Сегодня ночью я смотрю в окно и думаю о том, куда зашли мы? И от чего мы больше далеки: от православья или эллинизма? К чему близки мы? Что там, впереди? Не ждет ли нас теперь другая эра? И если так, то в чем наш общий долг? И что должны мы принести ей в жертву?
1 полугодие 1966
* * *
В деревне Бог живет не по углам, как думают насмешники, а всюду. Он освящает кровлю и посуду и честно двери делит пополам. В деревне Он — в избытке. В чугуне Он варит по субботам чечевицу, приплясывает сонно на огне, подмигивает мне, как очевидцу. Ор изгороди ставит. Выдает девицу за лесничего. И, в шутку, устраивает вечный недолет объездчику, стреляющему в утку. Возможность же все это наблюдать, к осеннему прислушиваясь свисту, единственная, в общем, благодать, доступная в деревне атеисту.
6 июня 1965
Сретенье
Анне Ахматовой
Когда она в церковь впервые внесла Дитя, находились внутри из числа людей, находившихся там постоянно, Святой Симеон и пророчица Анна.

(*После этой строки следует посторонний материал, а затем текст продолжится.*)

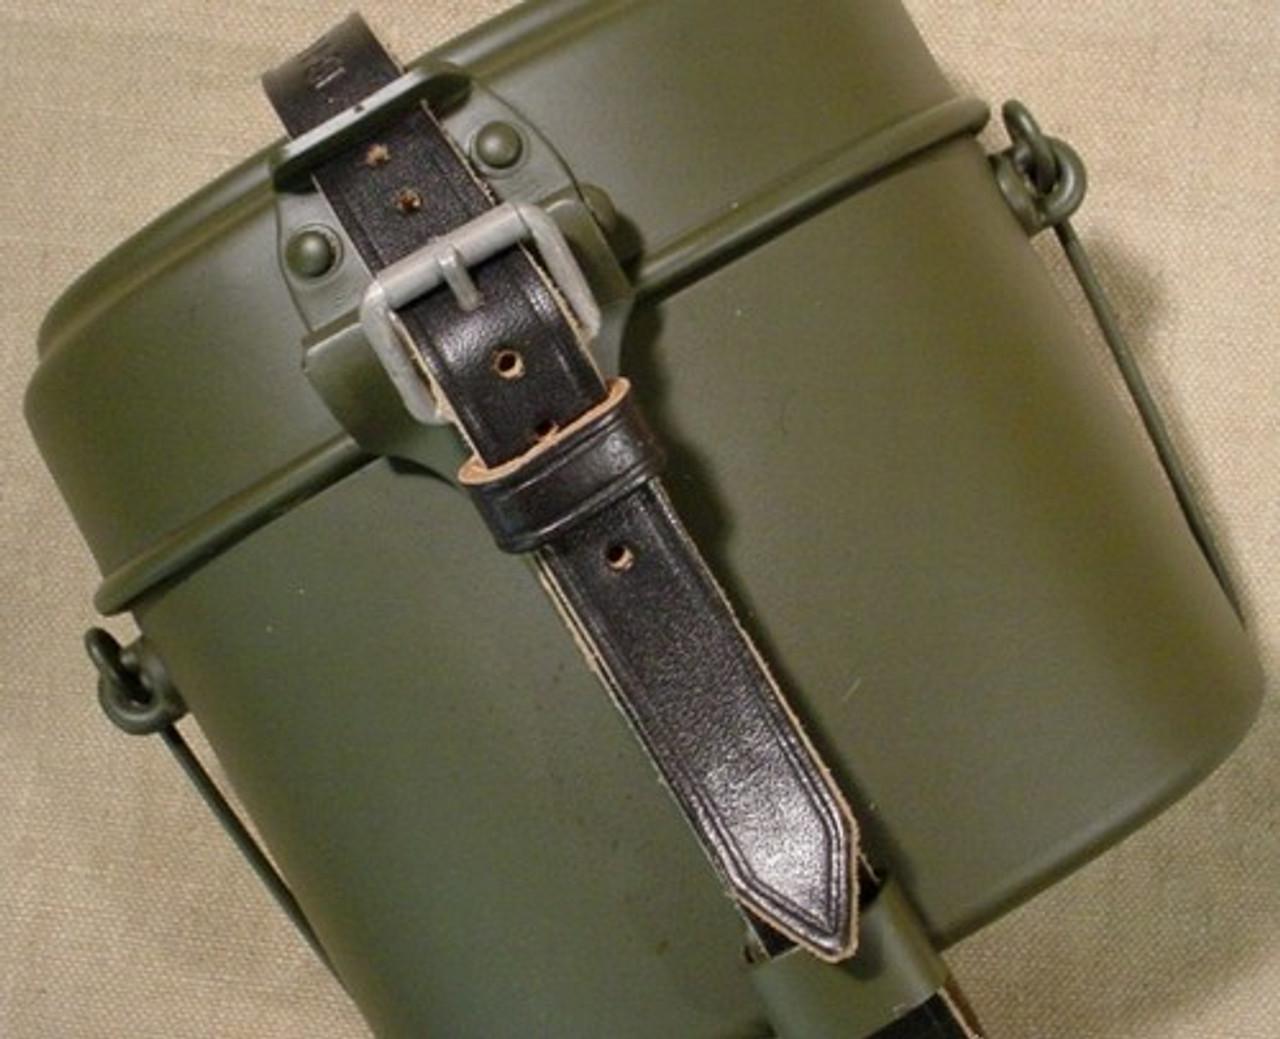 German Mess Kit Strap from Hessen Antique

И старец воспринял младенца из рук Марии; и три человека вокруг Младенца стояли, как зыбкая рама, в то утро, затеряны в сумраке храма.
Тот храм обступал их, как замерший лес. От взглядов людей и от взора небес вершины скрывали, сумев распластаться, в то утро Марию, пророчицу, старца.
И только на темя случайным лучом свет падал Младенцу; но Он ни о чем не ведал еще и посапывал сонно, покоясь на крепких руках Симеона.
А было поведано старцу сему о том, что увидит он смертную тьму не прежде, чем Сына увидит Господня. Свершилось. И старец промолвил: «Сегодня,
реченное некогда слово храня, Ты с миром. Господь, отпускаешь меня, затем что глаза мои видели это дитя: Он — Твое продолженье и света
источник для идолов чтящих племен, и слава Израиля в Нем». — Симеон умолкнул. Их всех тишина обступила. Лишь эхо тех слов, задевая стропила,
кружилось какое-то время спустя над их головами, слегка шелестя под сводами храма, как некая птица, что в силах взлететь, но не в силах спуститься.
И странно им было. Была тишина не менее странной, чем речь. Смущена, Мария молчала. «Слова-то какие...» И старец сказал, повернувшись к Марии:
«В лежащем сейчас на раменах твоих паденье одних, возвышенье других, предмет пререканий и повод к раздорам. И тем же оружьем, Мария, которым
терзаема плоть Его будет. Твоя душа будет ранена. Рана сия даст видеть Тебе, что сокрыто глубоко в сердцах человеков, как некое око».
Он кончил и двинулся к выходу. Вслед Мария, сутулясь, и тяжестью лет согбенная Анна безмолвно глядели. Он шел, уменьшаясь в значенье и в теле
для двух этих женщин под сенью колонн. Почти подгоняем их взглядами, он шагал по-застывшему храму пустому к белевшему смутно дверному проему.
И поступь была стариковски тверда. Лишь голос пророчицы сзади когда раздался, он шаг придержал свой немного: но там не его окликали, а Бога
пророчица славить уже начала. И дверь приближалась. Одежд и чела уж ветер коснулся, и в уши упрямо врывался шум жизни за стенами храма.
Он шел умирать. И не в уличный гул он, дверь отворивши руками, шагнул, но в глухонемые владения смерти. Он шел по пространству, лишенному тверди,
он слышал, что время утратило звук. И образ Младенца с сияньем вокруг пушистого темени смертной тропою душа Симеона несла пред собою
как некий светильник, в ту черную тьму, в которой дотоле еще никому дорогу себе озарять не случалось. Светильник светил, и тропа расширялась.